États des lieux 

Photographies, Avallon, France, 2023
Portrait de l’ancienne Tannerie d’Avalon avant transformation
Commanditaire : Association Rhizome 


C’est le plus lent des bras de fer, celui qui s’amorce quand les opérations de maintenance s’arrêtent net. Le temps commence à pousser, ça souffle, ça râpe, ça croît, ça frappe, ça tousse. Les murs décrépitent, les boues montent, les peintures craquent, les briques roulent, sur les enseignes la rouille dessine ce qu’elle veut. Les surfaces se troublent, les aplats se criblent, les compositions décampent, les fils s’effritent. Partout l’eau rentre, partout particules de matière érodée se mélangent au son du vent qui souffle et s’amalgament dans les coins, poussière de fer, de bois, de souffre. Les artefacts tournent en ruine, les messages se brouillent et l’orage gronde au loin. Le petit tas de bâtiment est planté seul à attendre ses prochains occupants, sous la pluie. Il en prend plein la tête, il se couvre de mousses, il en perd son crépi, il en pleure de dépit, il s’affaisse et les herbes grimpent gaiement sur ses croutes.

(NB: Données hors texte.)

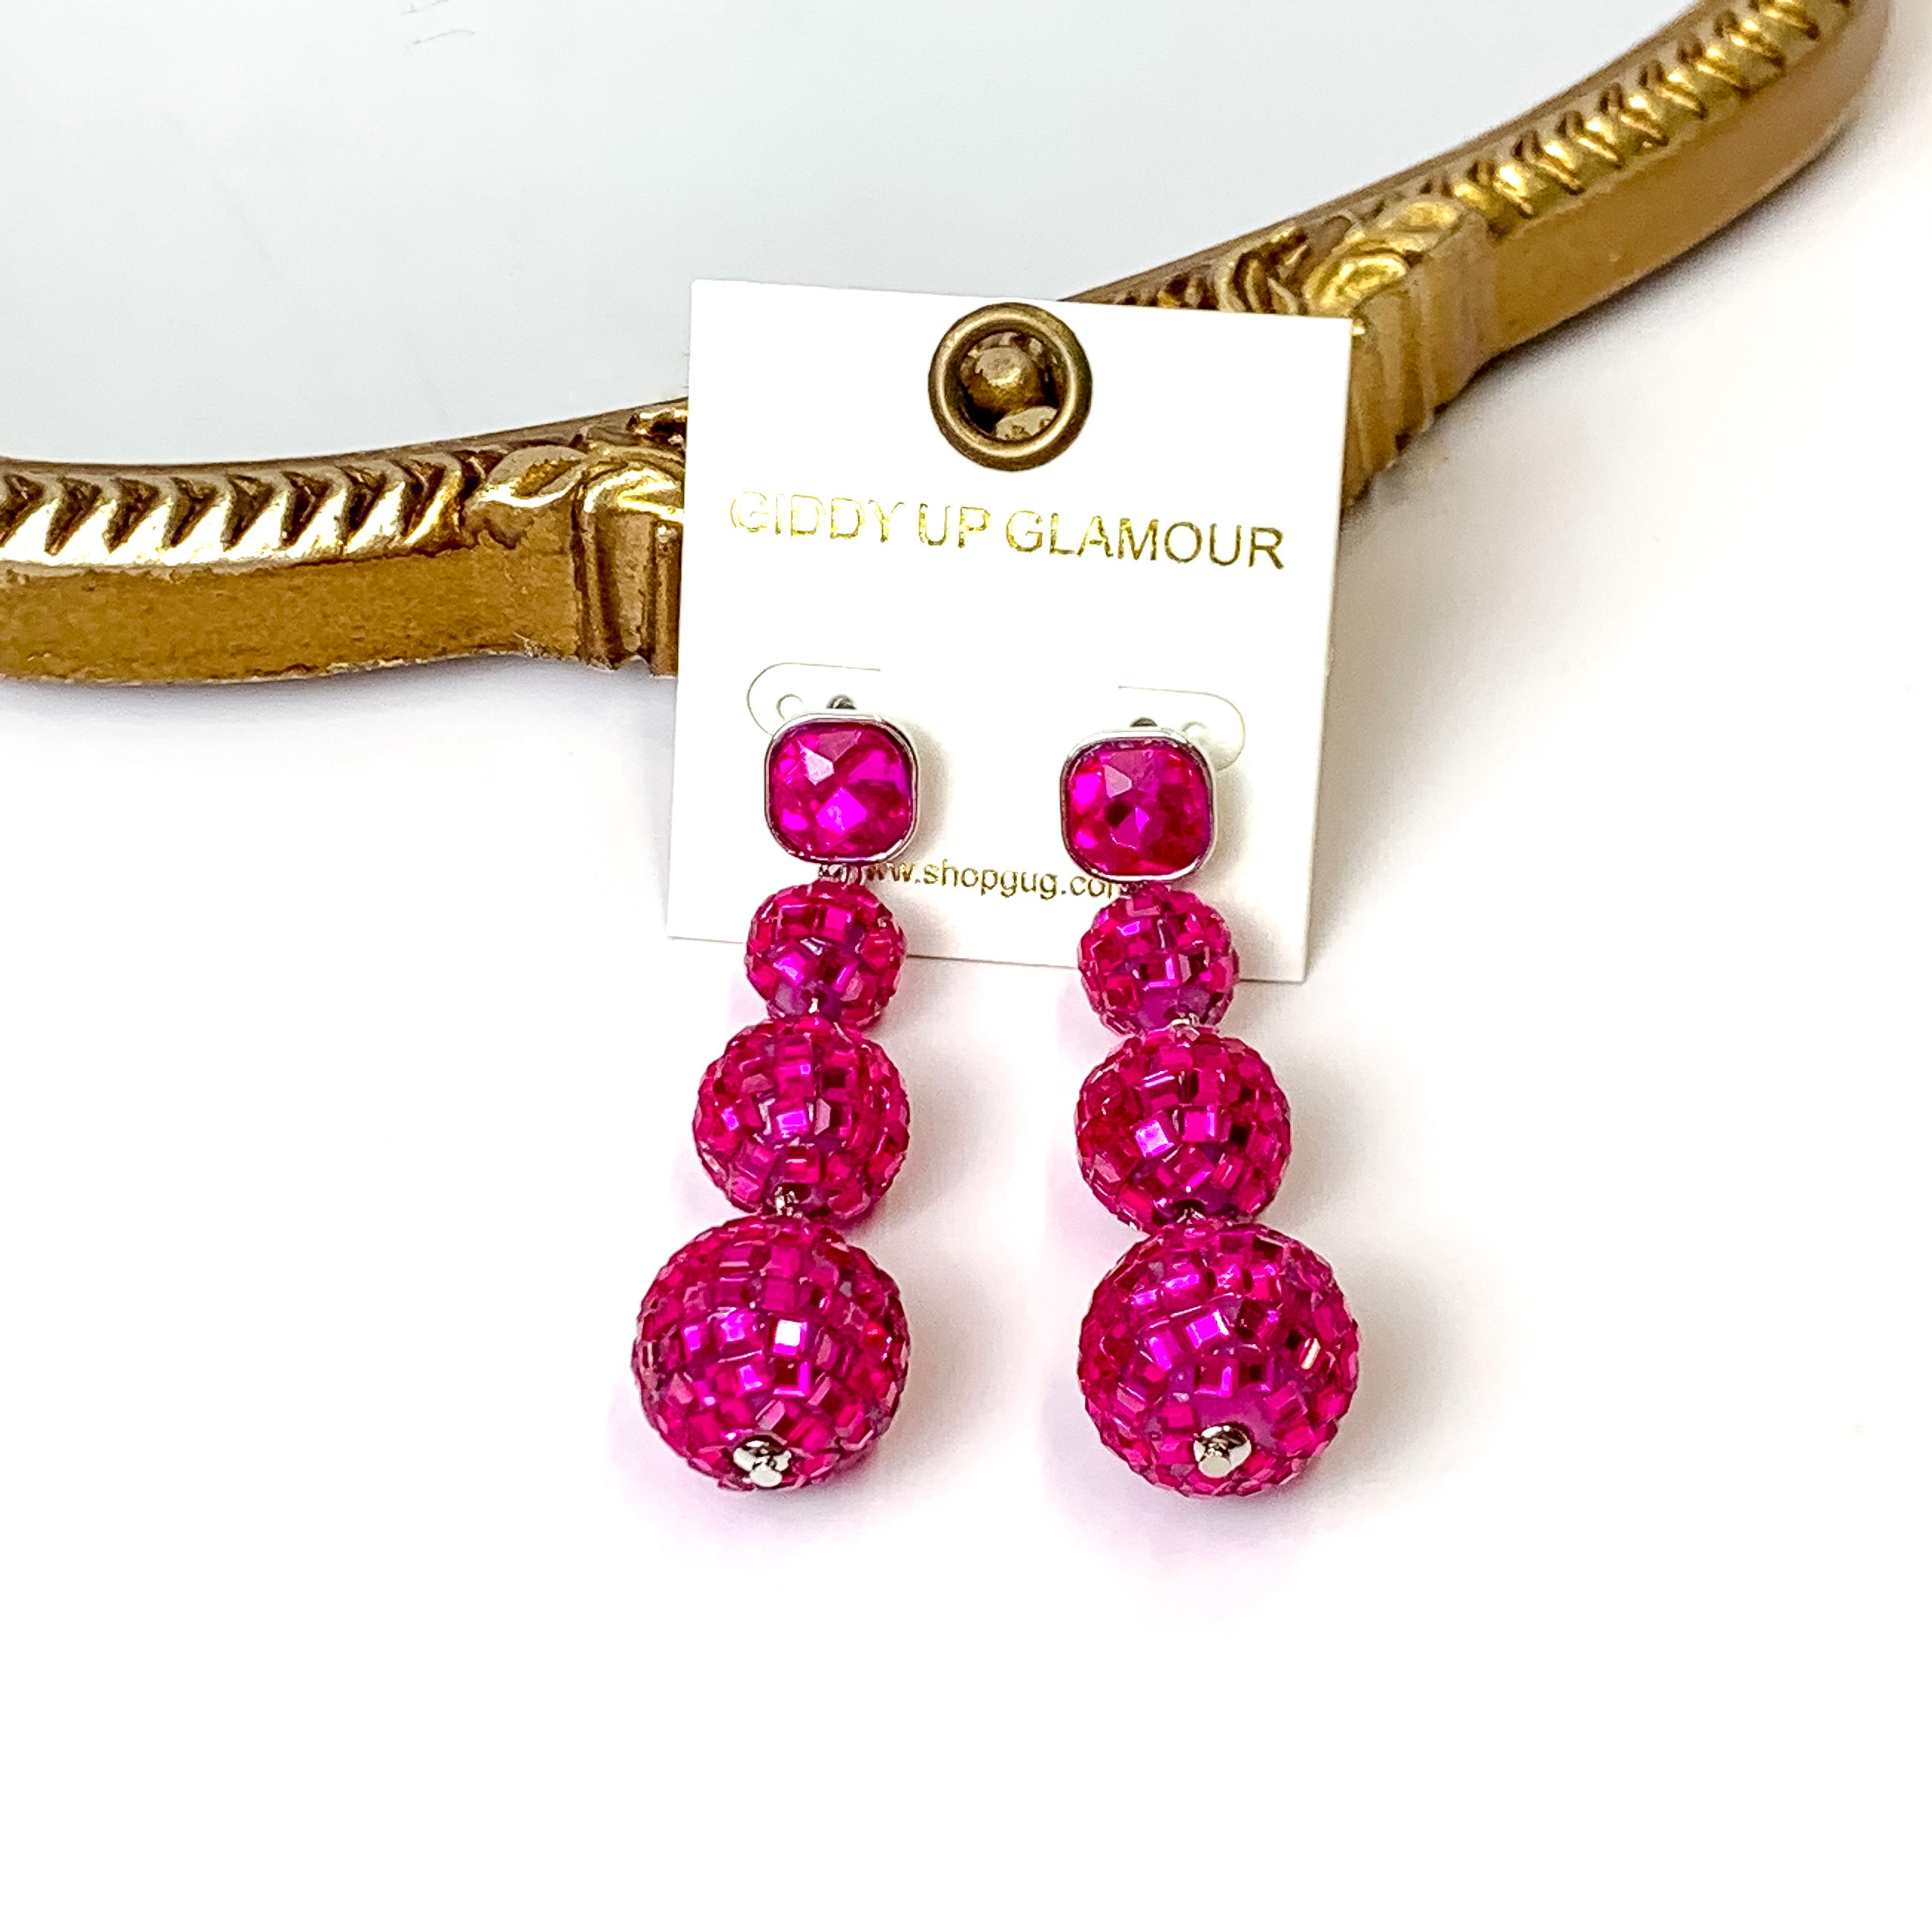 Cushion Crystal Post Disco Ball Dangle Earrings in Fuchsia Pink - Giddy Up Glamour Boutique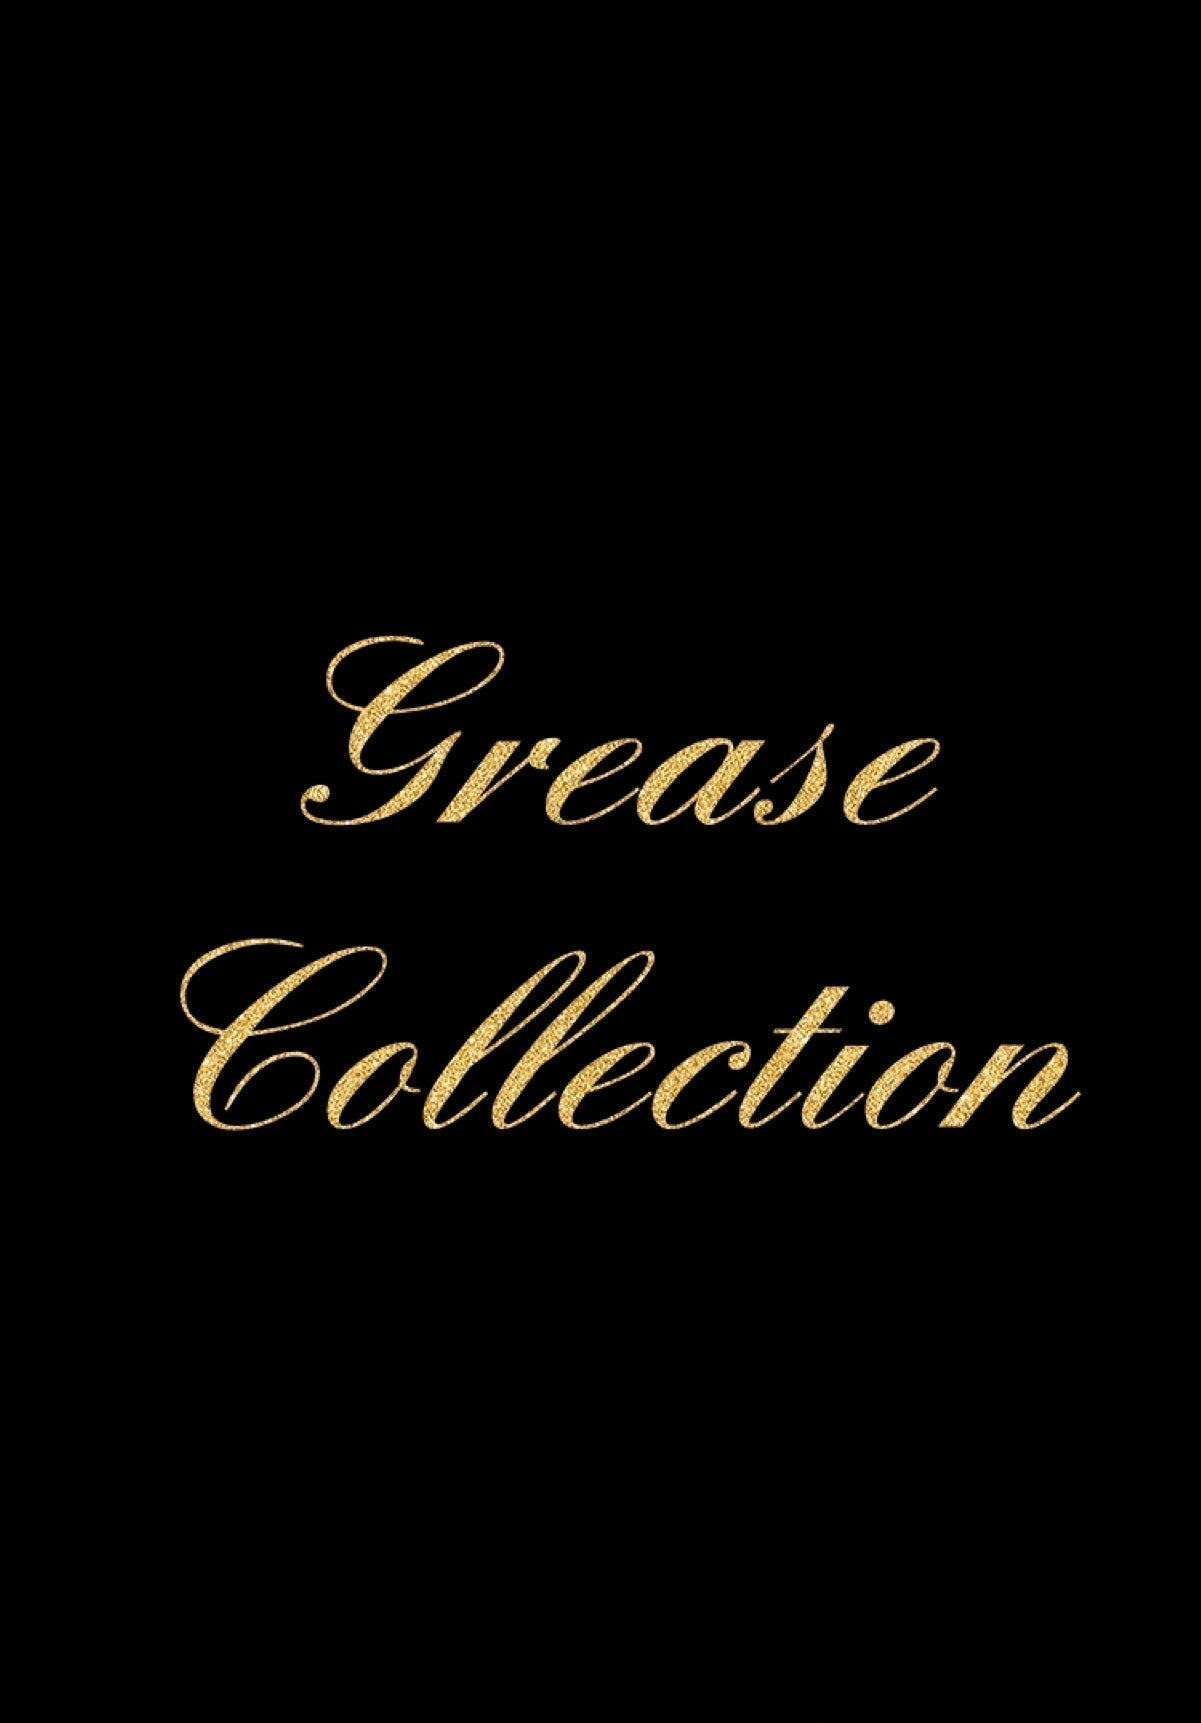 Blanche - Grease Collection

Dans cette entre deux vies, je me blottis. Je me promène, petit fantôme entre la route et le ruisseau, dans la zone friche qu’on laisse encore un peu dormir. Mais j’entends déjà les fanfares, les visseuses et les violons, je sens déjà les fromages et la bière au houblon, je vois déjà les gouttes de rosée frappées par un rayon sur des mollets poussiéreux couverts de chaussettes grisonnantes plongées dans des chaussures blindées. Je vois les planches en tas posées et recouvertes de bâches blanches, je vois les pneus énormes des engins qui bâtissent tournant au ralenti devant mon nez. Je vois des doigts poncés s’enfoncer dans des pains pour les ouvrir en deux et j’entends les rires et les voix de celles et ceux qui viennent avec la vie.